Inside Westminster Abbey, memorials of the country's great and good and largely forgotten jostle with each other for space amongst a community of three thousand souls and growing. Even in 1637 there was so little space for Ben Jonson that he had to be buried standing up. And who, one wonders, had to be elbowed aside to make room for the huge floor plaque for Sir Winston Churchill?

Three centuries before Edward the Confessor realized his dream of an abbey here, and five centuries before the present structure was begun by Henry III, the great King Offa of Mercia (757-796) founded a monastery here, on `that terrible place' the Island of Thorney. Legend also attributes a Christian church to a second-century king, Lucius, and another, consecrated by Saint Peter himself, to King Sebert, a seventh-century East Saxon. St Dunstan, Bishop of London in 957, founded a Benedictine monastery here.

Westminster's great abbey is a glorious mix of periods and traditions, of English and French, Gothic and Perpendicular. Edward began in 1040 in the Norman tradition and Henry III, a devotee of Edward, began rebuilding in 1245, surprisingly demolishing much of Edward's work as he went, regardless of the fact that his intention was to build a shrine for the Confessor, canonised in 1161. Much of the work in his time was financed by taxes and appallingly heavy fines on the Jewish community, anti-Semitism having conveniently been rendered practically a Christian duty by the crusades.

Henry III built the beautiful Chapterhouse in 1240-50. It was used for meetings, debates and for early sessions of parliament. But despite the huge amount of money spent on the abbey project, it was left to Henry VII (1485-1509) to build the great nave.

Hard as it is to imagine this famous building without them, it is interesting to try viewing it without the two great western towers, added only in the eighteenth century by Sir Nicholas Hawksmoor.

Edward's vision nearly a thousand years ago was for both a coronation and a final resting place for England's kings, and a few days after the consecration of the chancel in December 1065, it was used for both. His greatest achievement complete, he was laid to rest here on 6 January 1066. On the same day, with what could seem indecent haste, his successor, the charismatic Harold Godwinson, was crowned in order to send a clear message to William (the Bastard) of Normandy that the throne long promised him was no longer available. But just eleven months later there was a second coronation: that of William I, no longer styled Bastard, but rather Conqueror. Since then, with only two exceptions, Edwards V and VIII, every British monarch has been anointed here.

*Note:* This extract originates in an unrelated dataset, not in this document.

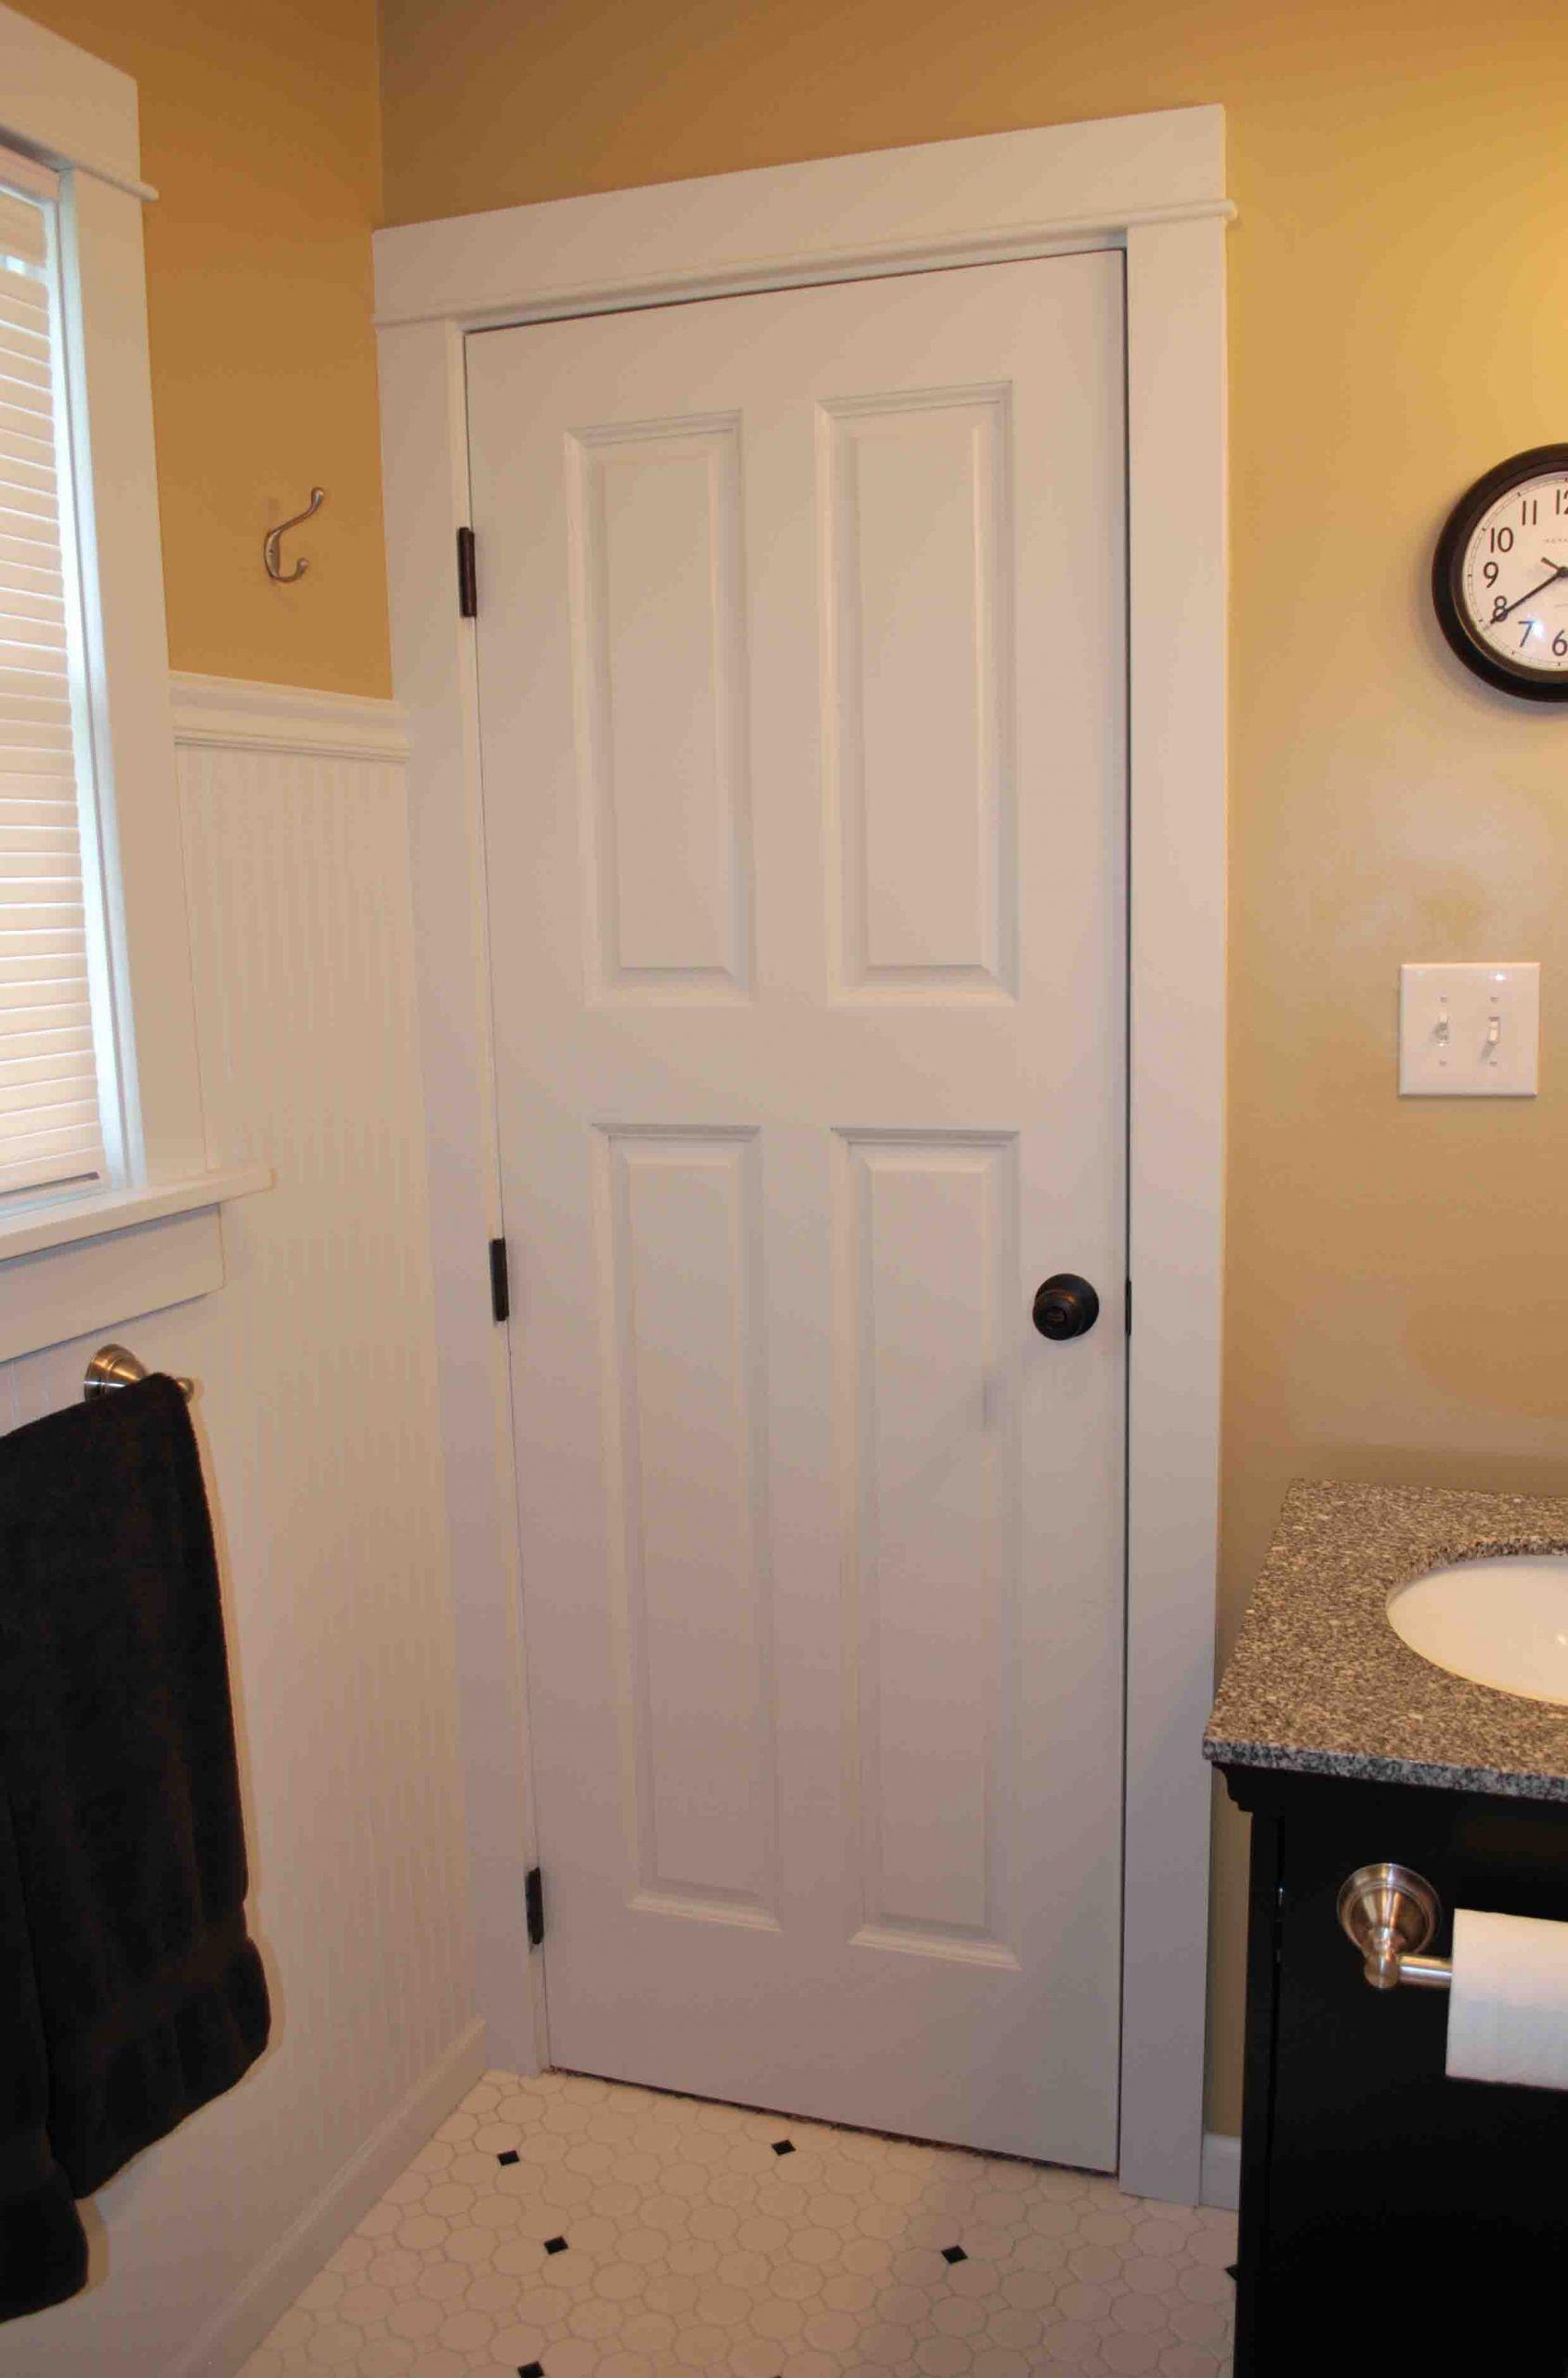 Bathroom Door Design  Dos and Don ts of DIY Part 2

But it has not always been treated with respect. During the Civil War in 1643 soldiers were quartered here. They used Henry VII's altar as a table, destroyed medieval stained glass and paintings, used the altar rails for firewood and smashed the organ. The screen beside the Confessor's tomb shows signs of the damage inflicted.

And even today the fanned vaulting of Henry's soaring nave resounds less to the chant of plainsong and the murmur of prayer than to the clatter and shuffle of millions of tired and often reluctant feet obliterating all trace of those buried under its memorials, the ringing tones of tour guides in multifarious languages giving out their frequently repeated spiels and tired jokes: `Henry the Eighth is not here... King James the First... Not by Henry but another king, it doesn't matter who... If you've ever heard the expression perpendicular... It was the Queen who... Never in the field of human conflict... Shoot the buggers down as they crossed the channel...' Bombers, you may argue, but I know what I heard.

Then something quite extraordinary happens. Over a loudspeaker a gentle voice reminds us that Westminster Abbey is a place of pilgrimage and of prayer and we are invited to join in a minute's meditation. For just a moment, it is almost quiet.